Попытаемся расспросить это удивительное предложение, соотнеся его с тем, что могло бы быть неким все еще грядущим опытом письма. Имеются два письма, одно белое, другое черное, одно, которое незримость некоего бесцветного пламени делает незримым, другое, которое власть черного пламени делает доступным в виде букв, иероглифов и артикуляции. Между ними устное, которое тем не менее не независимо, поскольку всегда смешано со вторым из них, ибо оно как раз и есть само это черное пламя, отмеренный мрак, который ограничивает, разграничивает, делает зримой любую ясность. Тем самым так называемое устное — это называние в настоящем времени и присутствии пространства, но прежде всего также и развитие и посредничество, каковым его обеспечивает дискурс, разъясняющий, привечающий и определяющий нейтральность исходной неартикулированности. «Устная Тора», стало быть, ничуть не менее писана, но она названа устной — в том смысле, что как дискурс она одна дозволяет коммуникацию, иначе говоря — комментарий, речь, которая одновременно и учит и провозглашает, и дозволяет и оправдывает: словно нужен язык (дискурс), чтобы письмо послужило поводом простой читаемости и, быть может, также Закону, понимаемому как запрет и предел; словно, с другой стороны, первое письмо в его незримой конфигурации должно рассматриваться как внеречевое и обращенное единственно вне — кнаружи, к столь изначальному отсутствию или излому, что его надо будет сломать, чтобы избежать дикости того, что Гельдерлин называет аоргическим.

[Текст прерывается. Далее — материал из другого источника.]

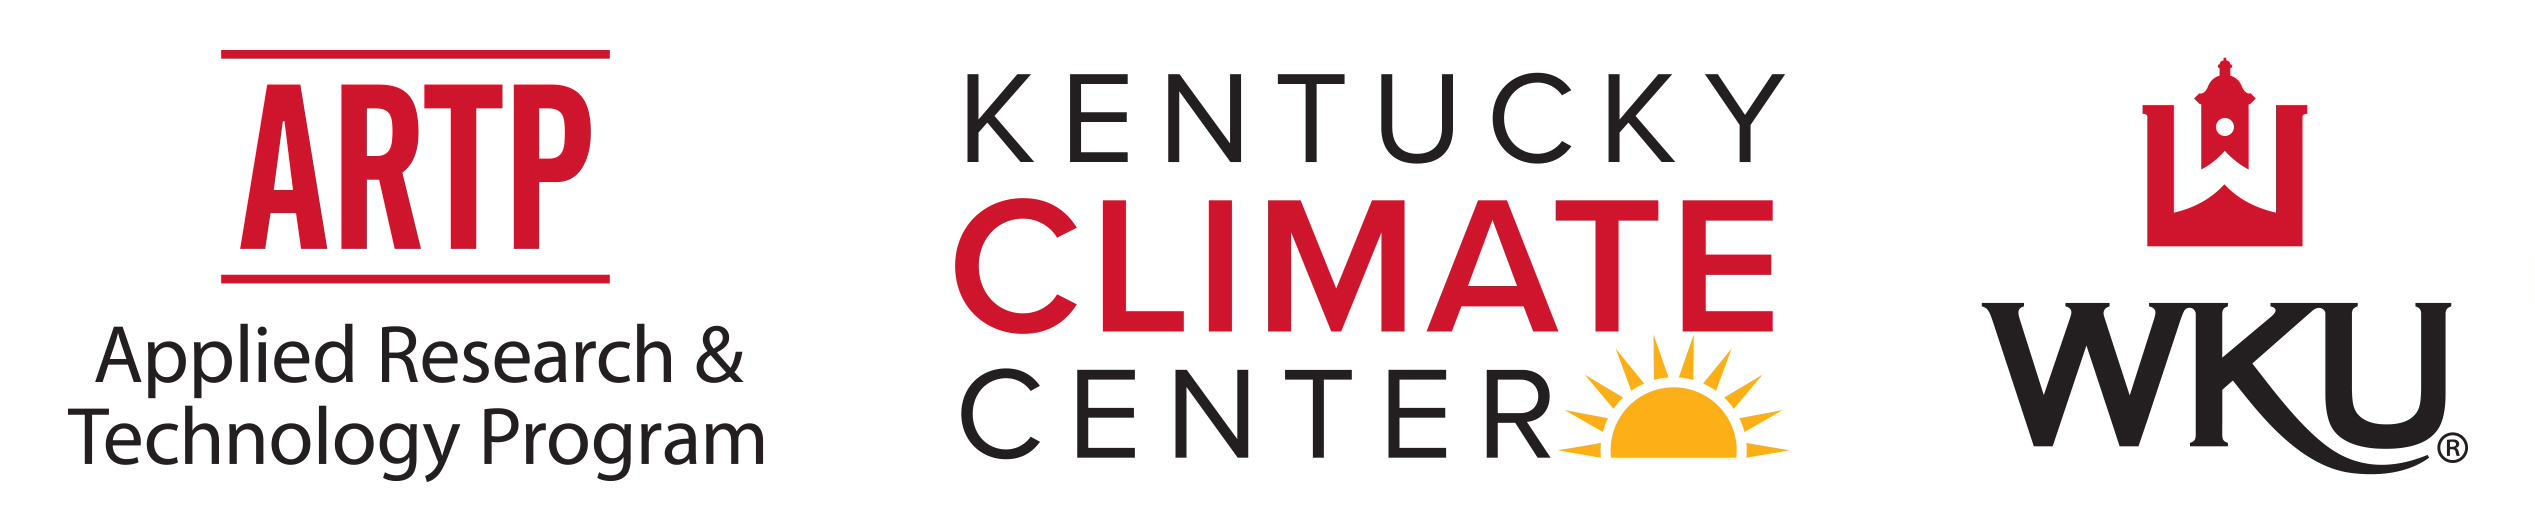 Kentucky Climate Center Logo

15. — Письмо отсутствует в Книге, будучи неотсутствующим отсутствием, исходя из которого, из него отлучившись, Книга (сразу на двух уровнях — устное и письменное, Закон и его экзегеза, запретное и мысль о запретном) делается читаемой и комментирует себя, замыкая историю: закрытие книги, суровость буквы, авторитет знания. Об этом отсутствующем — и, однако, находящемся с нею в отношении инаковости — письме книги можно сказать, что оно остается чуждым читаемости, нечитаемым, поскольку читать — это непременно входить посредством взгляда в отношение смысла или бессмыслицы с неким присутствием. Должно быть, имеется некое письмо, внешнее достигаемому через чтение знанию, внешнее также и форме или требованию Закона. Письмо, (чистая) внеположность, чуждая любому отношению присутствия — как и любой законности.
Как только внеположность письма смягчается, то есть соглашается в ответ на призыв устной власти сообщаться на языке, подавая тем самым повод книге — письменному дискурсу, эта внеположность стремится проявиться: на самом высоком уровне — как внеположность Закона, на самом низком — как внутренний характер смысла. Закон есть само письмо, отказавшееся от внеположности между-словия, чтобы указать место запретного. Незаконность письма, всегда непокорного по отношению к Закону, скрывает несимметричную незаконность Закона по отношению к письму.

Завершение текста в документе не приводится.